How the Story Developed
On the second of February, Trustico asked DigiCert to revoke all 50,000 certificates that were managed by them. This was due to DigiCert buying out Symantec’s certificate business. Symantec had been at the centre of many stories
regarding the compromise of their certificates.
Trustico is a certificate reseller, and as such, dropped DigiCert and shacked up with Comodo. In the meantime, DigiCert denies the request to revoke the certificates. DigiCert stated that industry guidelines were not clear on whether a
certificate reseller has that sort of power.
DigiCert said they would only revoke the certificates if there was evidence of a security breach. At which point, DigiCert claims that Trustico sent an email containing 23,000 private keys of customer issued certificates.
CA industry rules state that compromised certificates must be revoked within 24 hours after a security incident. It was at this point that DigiCert started the process of revoking the 23,000 compromised certificates.
How And Why Did Trustico Have 23,000 Private Keys?
It is thought that Trustico was automating the process for the Certificate Signing Request, or CSR. They were generating the SSL certificates but also keeping a copy of the private key.
The CA is not supposed to have any knowledge of the private key. Having access to the private key is like having the key to the kingdom, as such, it should only be known by the owner.
DigiCert Notifies Mozilla
DigiCert has now notified the likes of Mozilla, developer of popular web browser Firefox, that 23,000 keys have been compromised.

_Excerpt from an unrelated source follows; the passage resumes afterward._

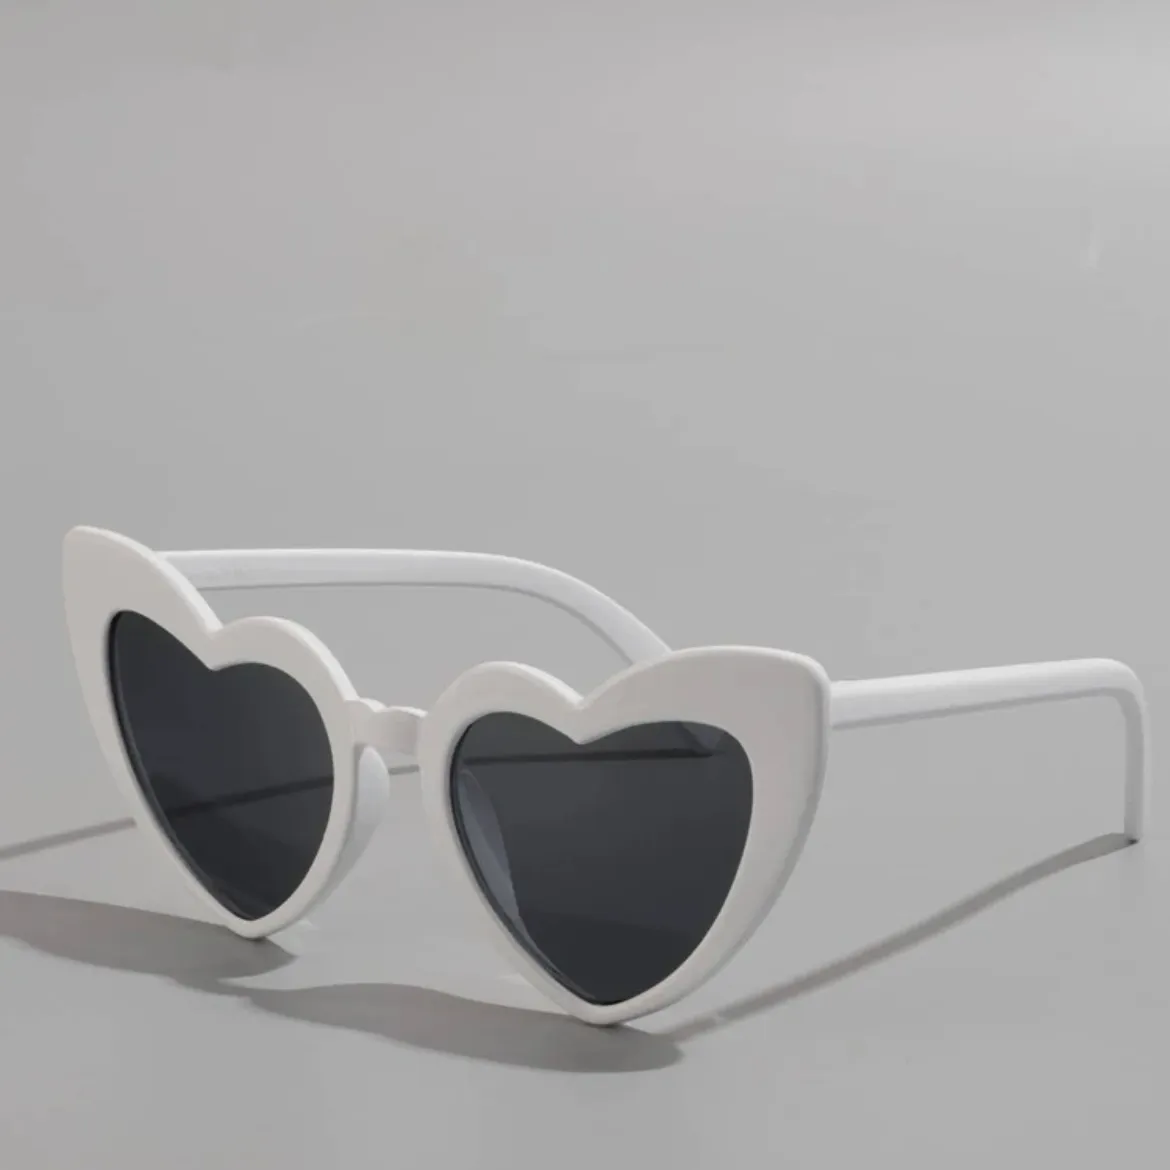 Heart shaped sunglasses photo 1

DigiCert will publicly release the private keys later to make sure that browsers can mark them as untrusted.
Why did Trustico want to revoke the certificates in the first place?
Symantec’s SSL-issuance business was bought out by DigiCert. By that point, Symantec had made a bad name for themselves in the certificate business. Symantec was the centre of many different security incidents. Last year it got to the
point where Google announced it would start distrusting any Symantec issued certificate, compromised or not.

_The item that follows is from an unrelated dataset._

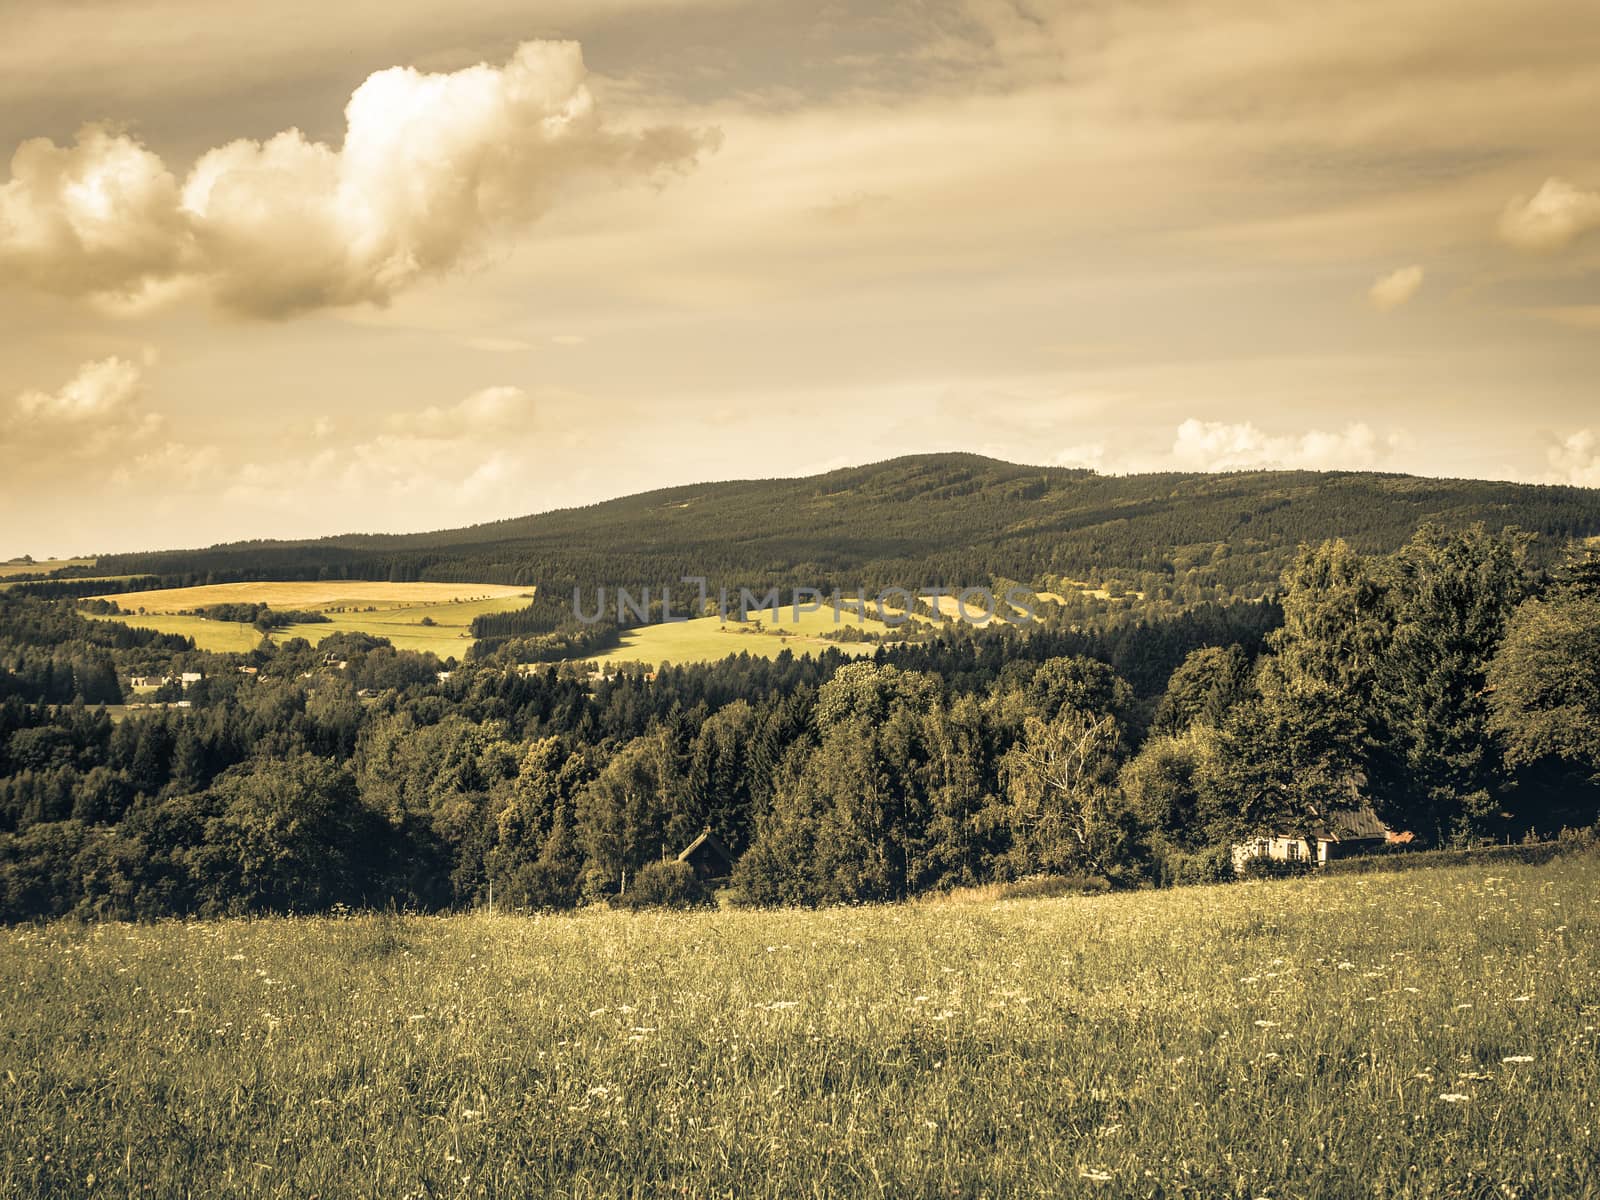 European countryside in summer, aged photo by weruskak

These 50,000 initial certificates bought for resale by Trustico were on the old Symantec infrastructure, and as such, Trustico felt it was a good idea to revoke said certificates.

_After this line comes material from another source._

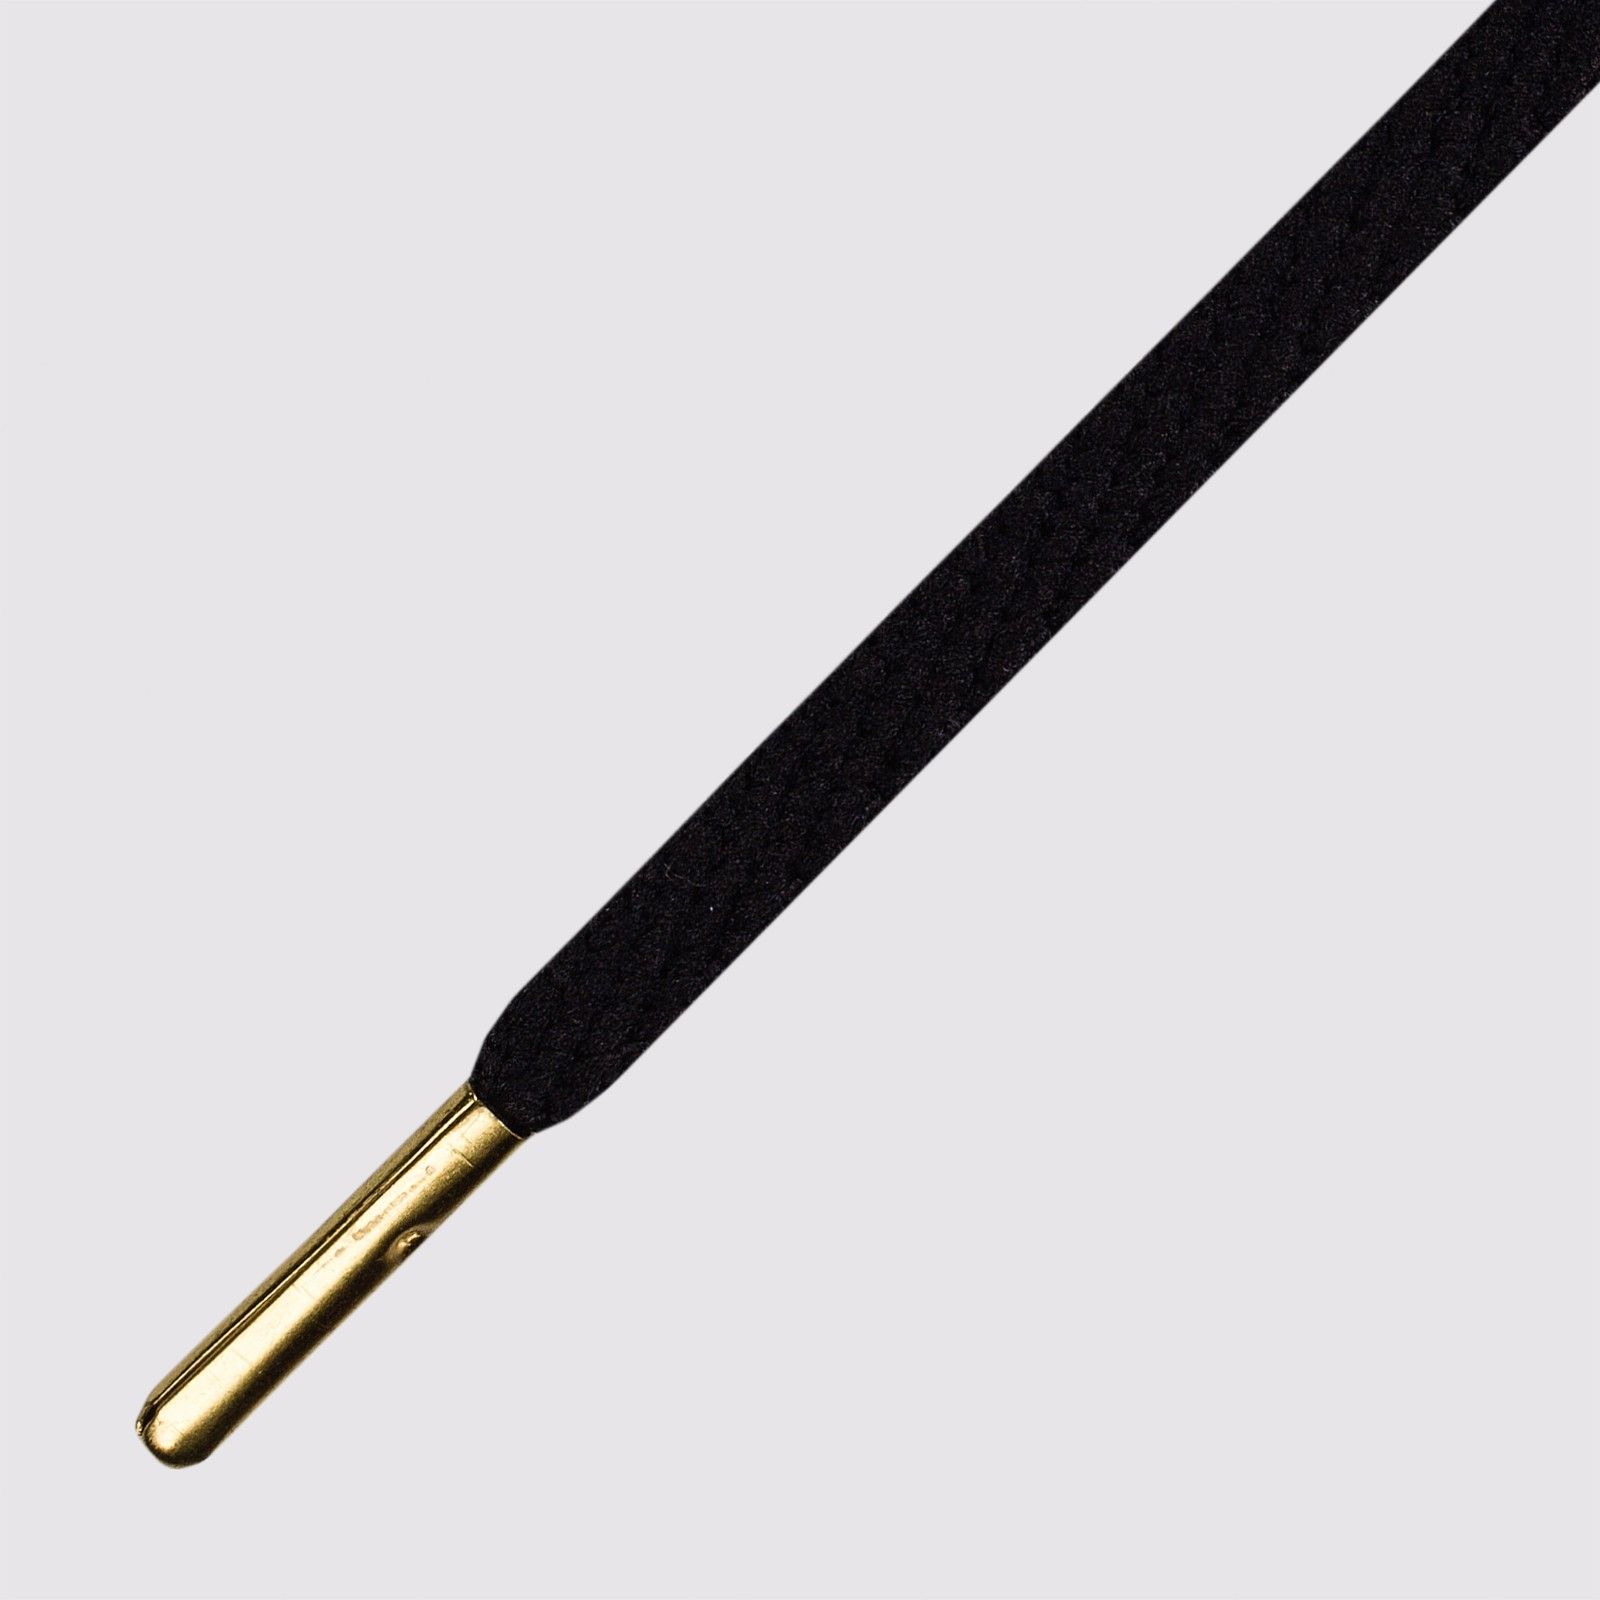  Skinnies Black Gold Tip- זוג שרוכים צרים בצבע שחור עם אגלט בצבע זהב

Little did anyone know, that Trustico were playing fast and loose with security practices just as much as Symantec were.
The Current State of the Situation
On the 2nd of March, Trustico’s system to get replaced revoked certificates failed. This leaves 23,000 users and companies with websites and apps that will now encounter HTTPS security errors.
It would be surprising if anyone were to trust Trustico going forward. The ineptitude on their part has lead to the disruption of tens of thousands of websites. On top of that, Trustico also automatically stores your private keys,
meaning the security of your website is not truly safe.
Note: never disclosed its private keys to anyone to keep the security intact.